** Exercise instructions **
Word for word, transcribe the lines below and drop the pictures.

** Data excerpt **
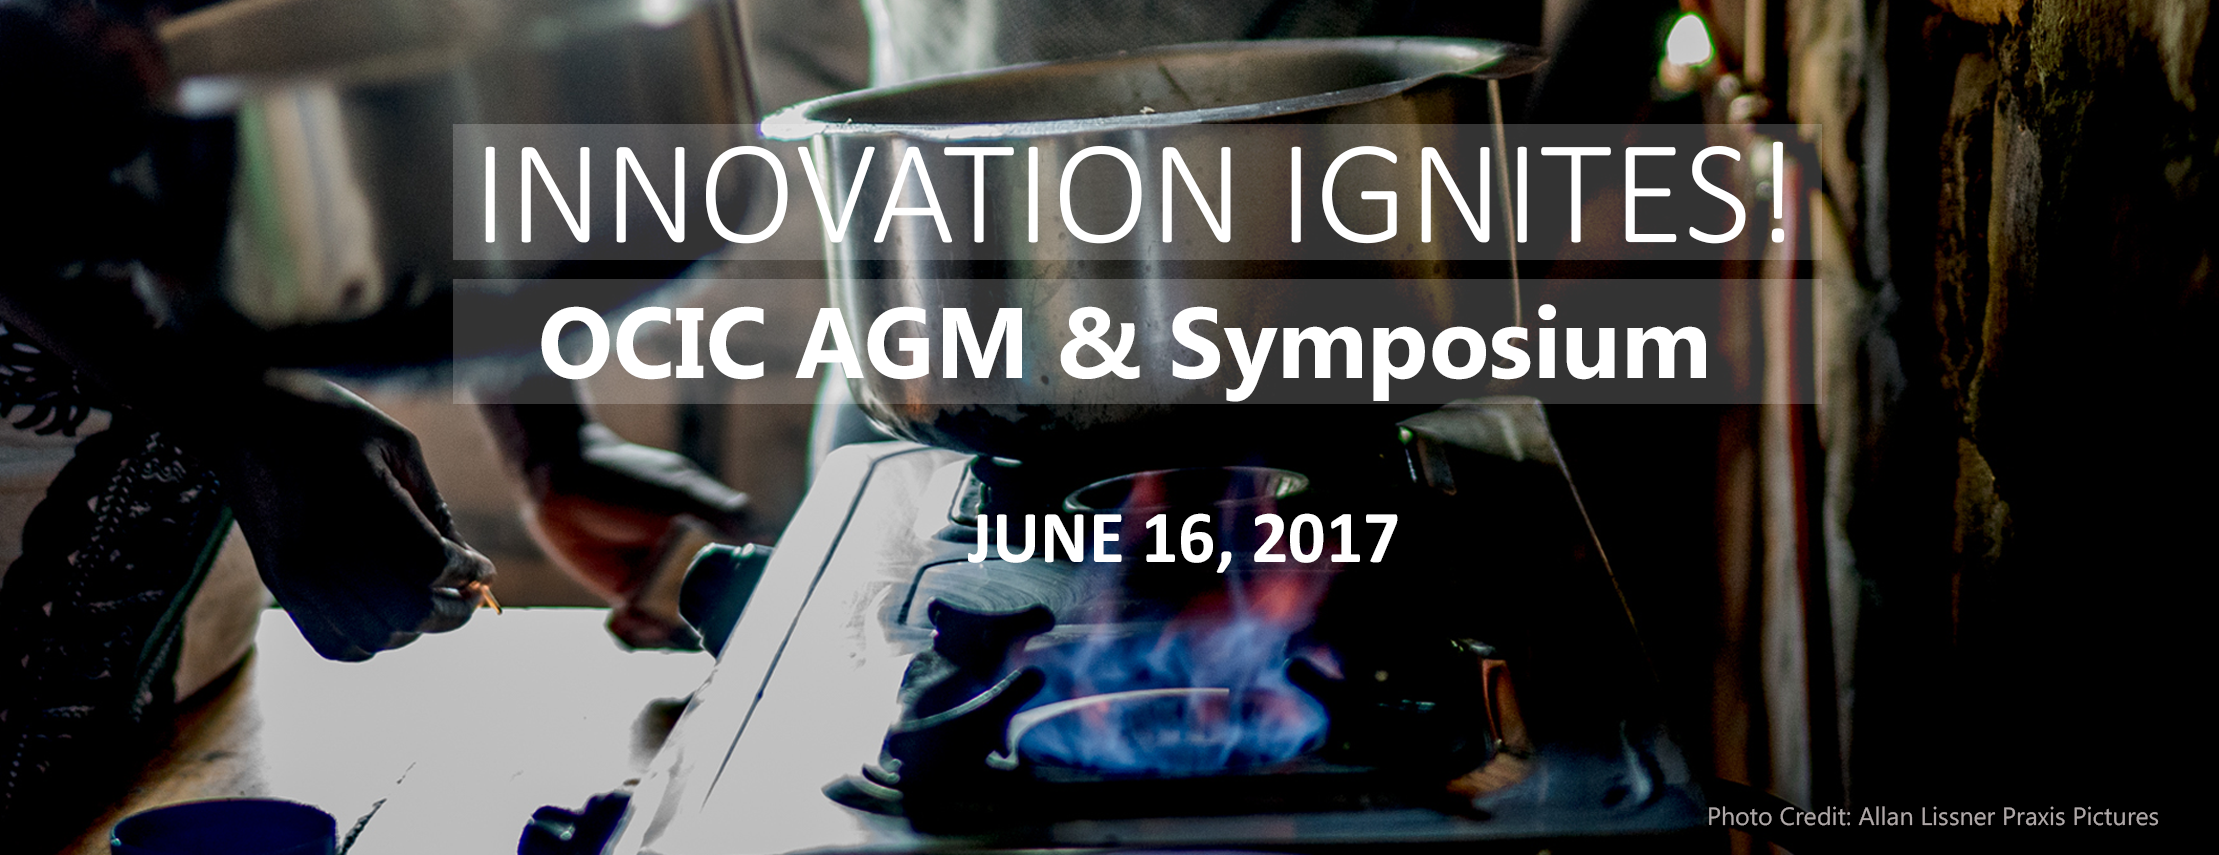 Innovation Ignites! OCIC AGM & Symposium 2017
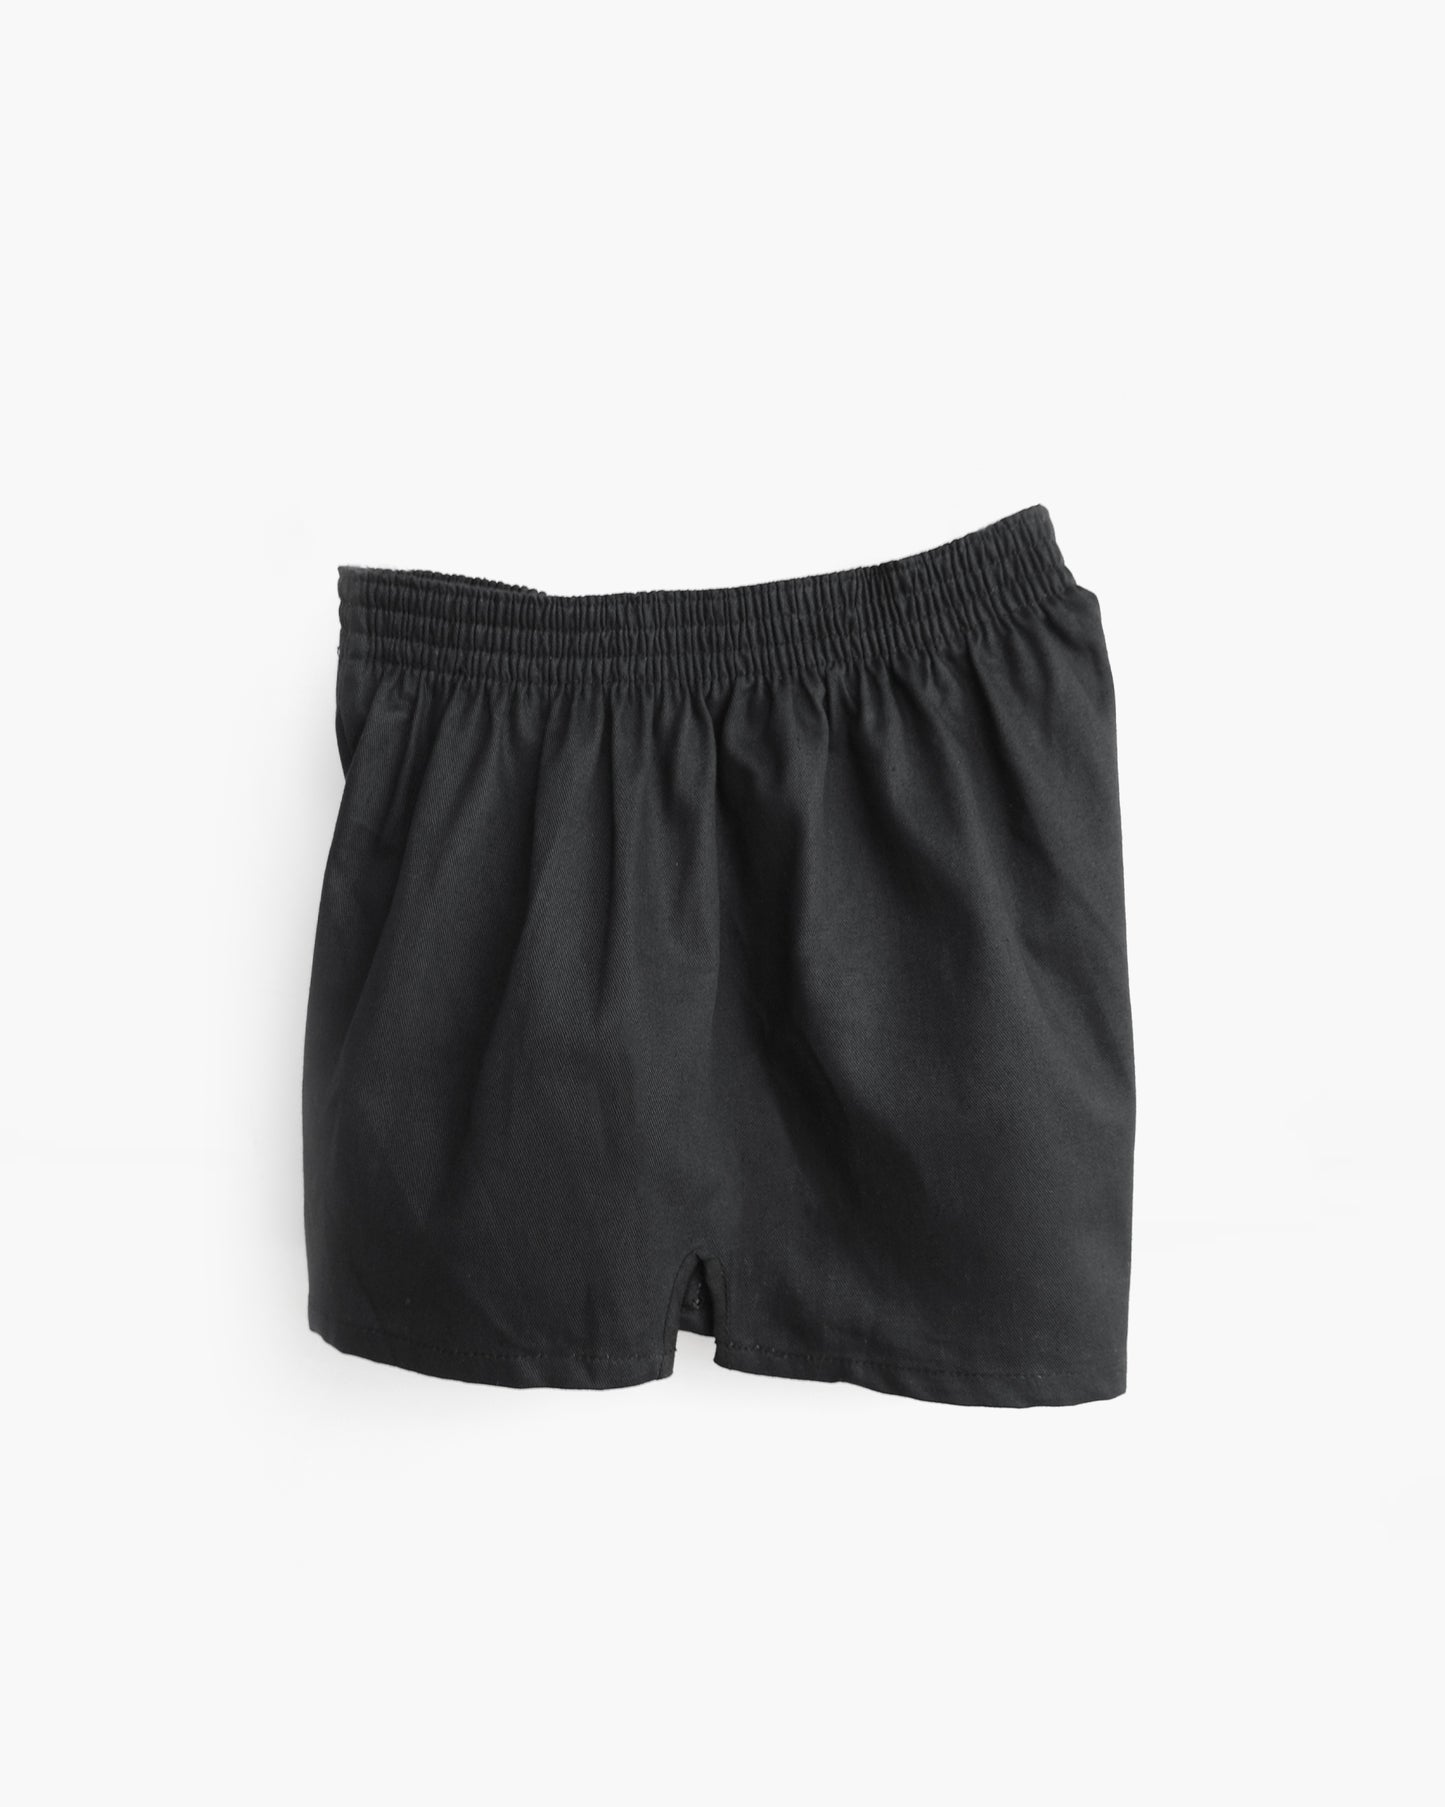 Black Gym Shorts Made in Netherland
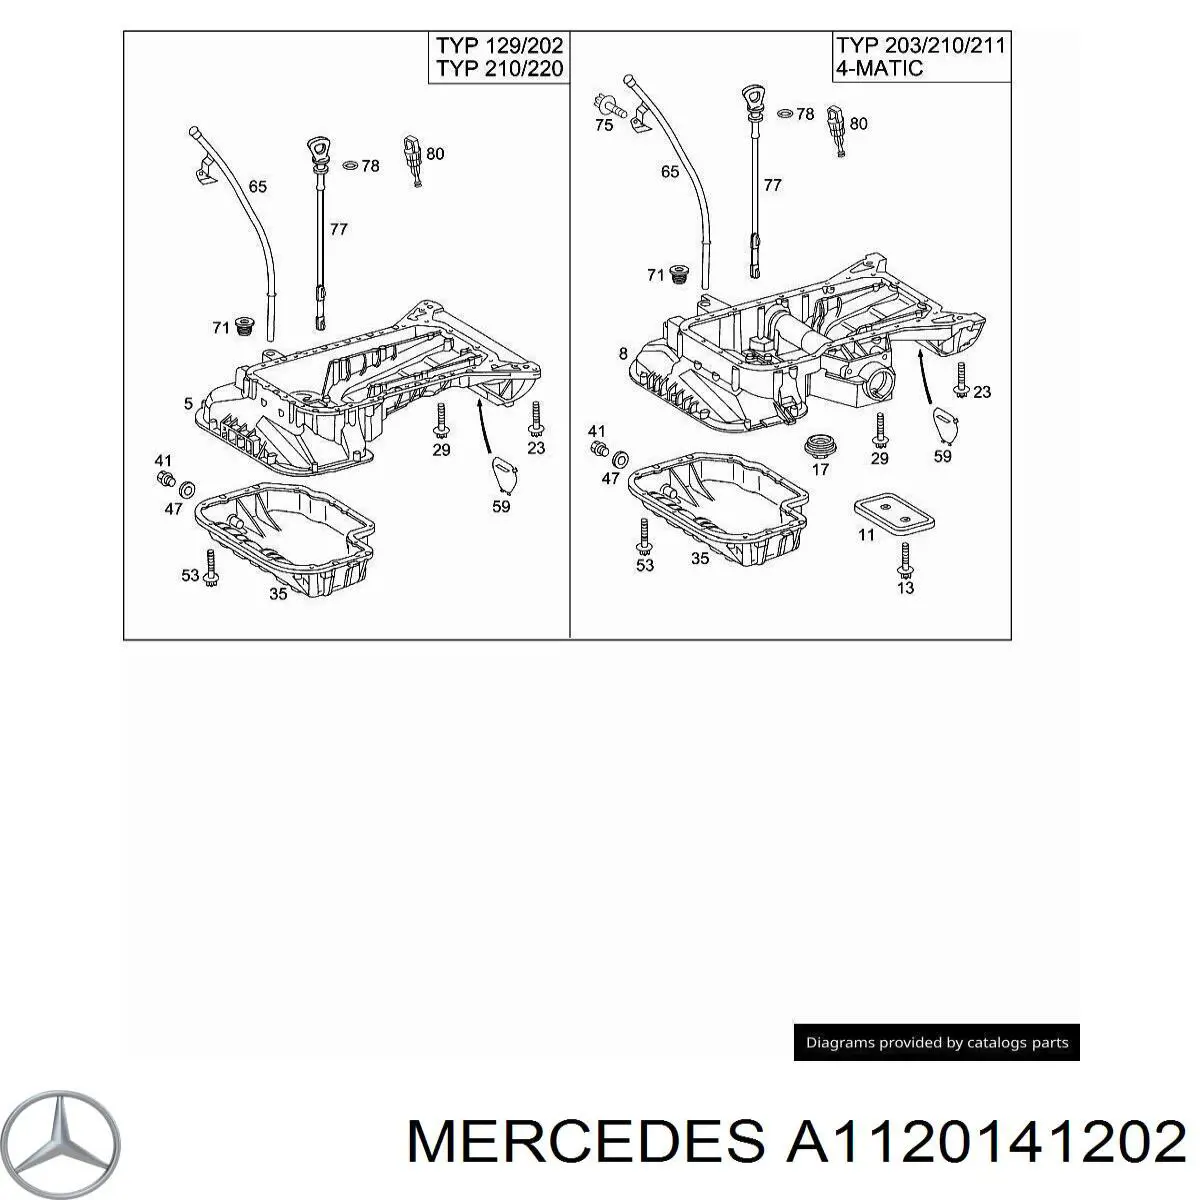 A1120141202 Mercedes піддон масляний картера двигуна, верхня частина

** Your response **
 Innovation Ignites! OCIC AGM & Symposium 2017
 Black Gym Shorts Made in Netherland
 A1120141202 Mercedes піддон масляний картера двигуна, верхня частина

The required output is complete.